I mean you're saying a lot for rhetorical effect, but it doesn't get around the fact that there aren't that many avenues to reliably collect this data, with high enough resolution and tied to identity, for thousands/millions of individuals, and if you do have that data, you're basically a data broker. I mean, yes, all those things are true, and they're pooled together and available for sale by data brokers.
It's also disappointing that the root comment is distracting from the 4th amendment violations by making the conversation about their vague claims of selling mini-palantir demos through abusing web ads.
The assumption that the data must be "high resolution" is erroneous. Low resolution noisy data works just fine, you just need a lot more of it. You can use standard signal processing tricks such as stacking noisy low-resolution data to extract high-resolution features. This requires a lot more processing but that isn't much of a limitation. These reconstruction techniques work even if the data is from unrelated sources that aren't even trying to measure the thing you are measuring.
Any data exhaust will work, people have created interesting PoCs leveraging things like HVAC data, RF attenuation, etc. High-precision weather models essentially work the same way, making inferences by stitching together diverse event data that has nothing to do with weather.
High-quality high-resolution data sources largely don't exist in the way people imagine they do, so you need to do this anyway. If you have a high-resolution spatiotemporal graph for entities, tying it to identity is always trivial.
It would be more common if it weren't for the fact that open source platforms scale poorly for this type of analytical processing.

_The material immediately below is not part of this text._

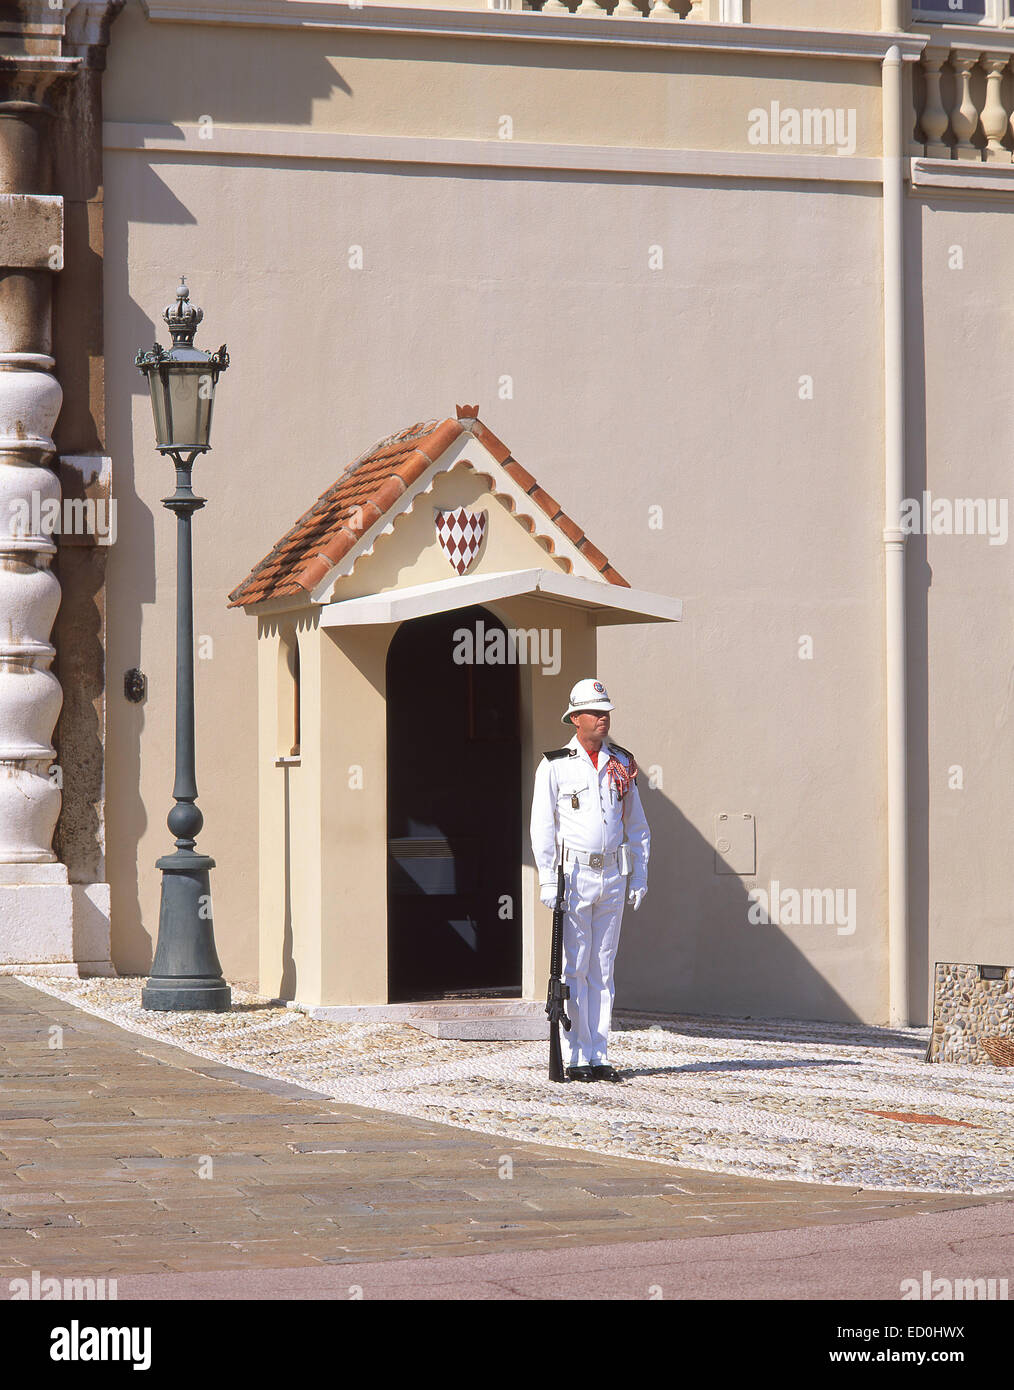 Royal guard, Palais Princier de Monaco, Place du Palais, Monaco-Ville, Principality of Monaco Stock Photo

Anyone could have acquired this data the time, it was all either free or cheap. Like I said, my business was specialized data infrastructure (e.g. storage engines and analytical parallel processing), we just used these data sources for testing and demos because "free or cheap".
I also have a lot of experience with privileged first-party data but that is governed by a different set of rules and is often regulated. You have to be much more circumspect about how you use it.
Even though it might be convenient to e.g. slurp telemetry off a mobile carrier's backbone, what you eventually realize is the inability to do this isn't a real limitation and in some ways is a blessing in disguise.
Twitter has had timestamped amd geotagged posts for ages. Just clustering things like hashtags of tweets spatiotemporally results in a treasure trove if information about events.
I'm sure that other platforms attach the same kind of info to posts. It's just a matter of scraping it.
but it's obviously very easy ro get from social media? e.g. you have a post from paris and then later that day a post from brussels
There's dozens of flights per day from paris to brussels, so that wouldn't uniquely identify a flight.